# Deluxe Batman Costume



## Great White (Jan 18, 2006)

I've always wanted to either buy the deluxe Batman costume or rent it. Has anyone on here done either? To buy it's around $300. Just wondering if it's worth it.


----------



## scare-m (Jul 16, 2007)

I rented that one last year for $85.00 for a 3 day weekend. The costume looks really cool when you have it on, but is very very fragile. It is made up of about 10 different pieces that tie on in the back, and is hidden by the cape. The problem is the pieces are simple rubber with holes punched in the corners, to string the ties through.
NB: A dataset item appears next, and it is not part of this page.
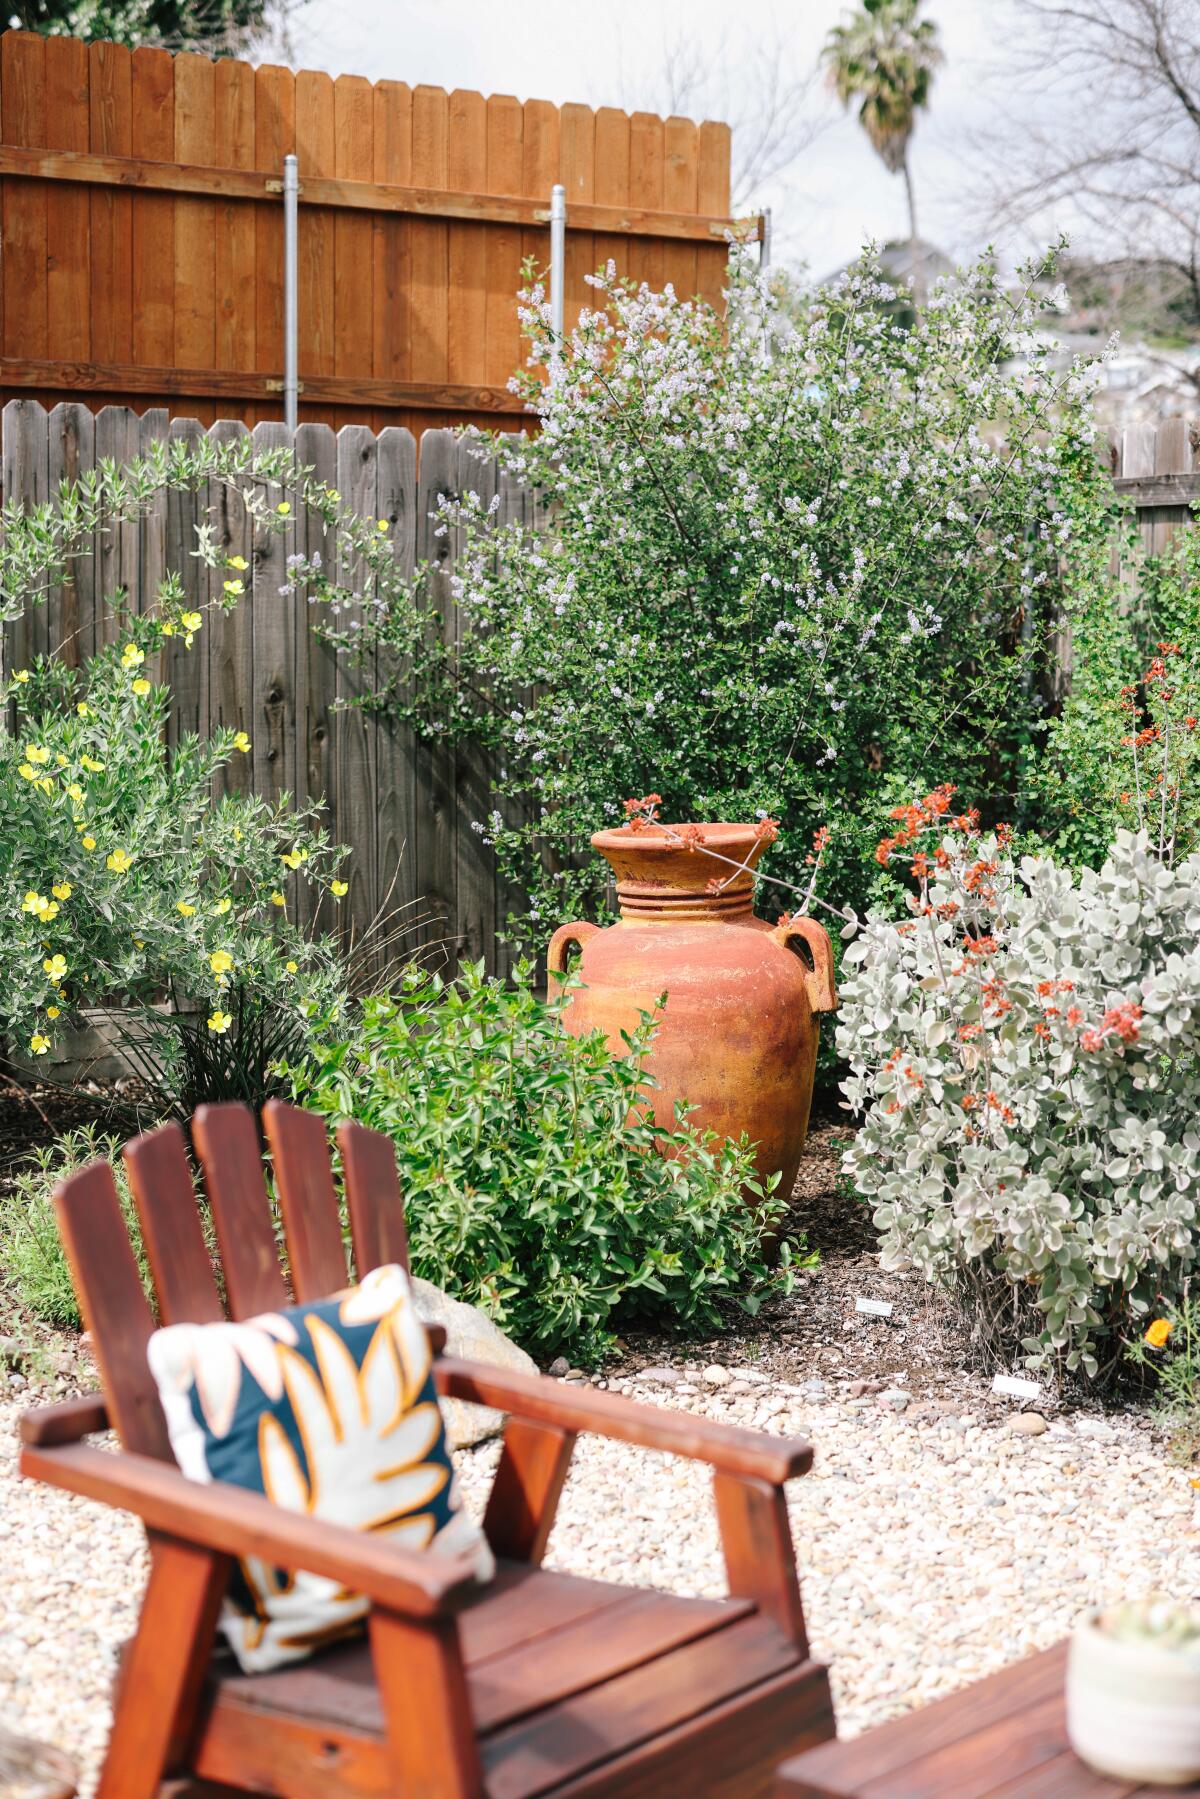 An oasis of native plants grows at Raul Rojas and Thomas Zamora's 1923 Highland Park bungalow.

When you move, the strings end up breaking through the rubber and destroying the hole.

When I rented mine many of these holes were already "blown out". It was an easy fix, I just reinforced the broken holes with staples and then placed electrical tape over them and re punched the holes.. Worked like a charm and was much stronger.I didnt have any blow outs the entire evening.

I was worth renting but too easy to ruin to buy as a collectible


----------



## Frighteners Entertainment (Jan 24, 2006)

If you really want one, let me know.


----------



## Revenant (Mar 17, 2007)

Little tip for the holes-in-rubber syndrome: buy a tube of GOOP and fill the hole with it. when it cures, the string will be solidly bedded in rubber and wont tear through easily. I did it for some rubber armor pieces and it worked great.


----------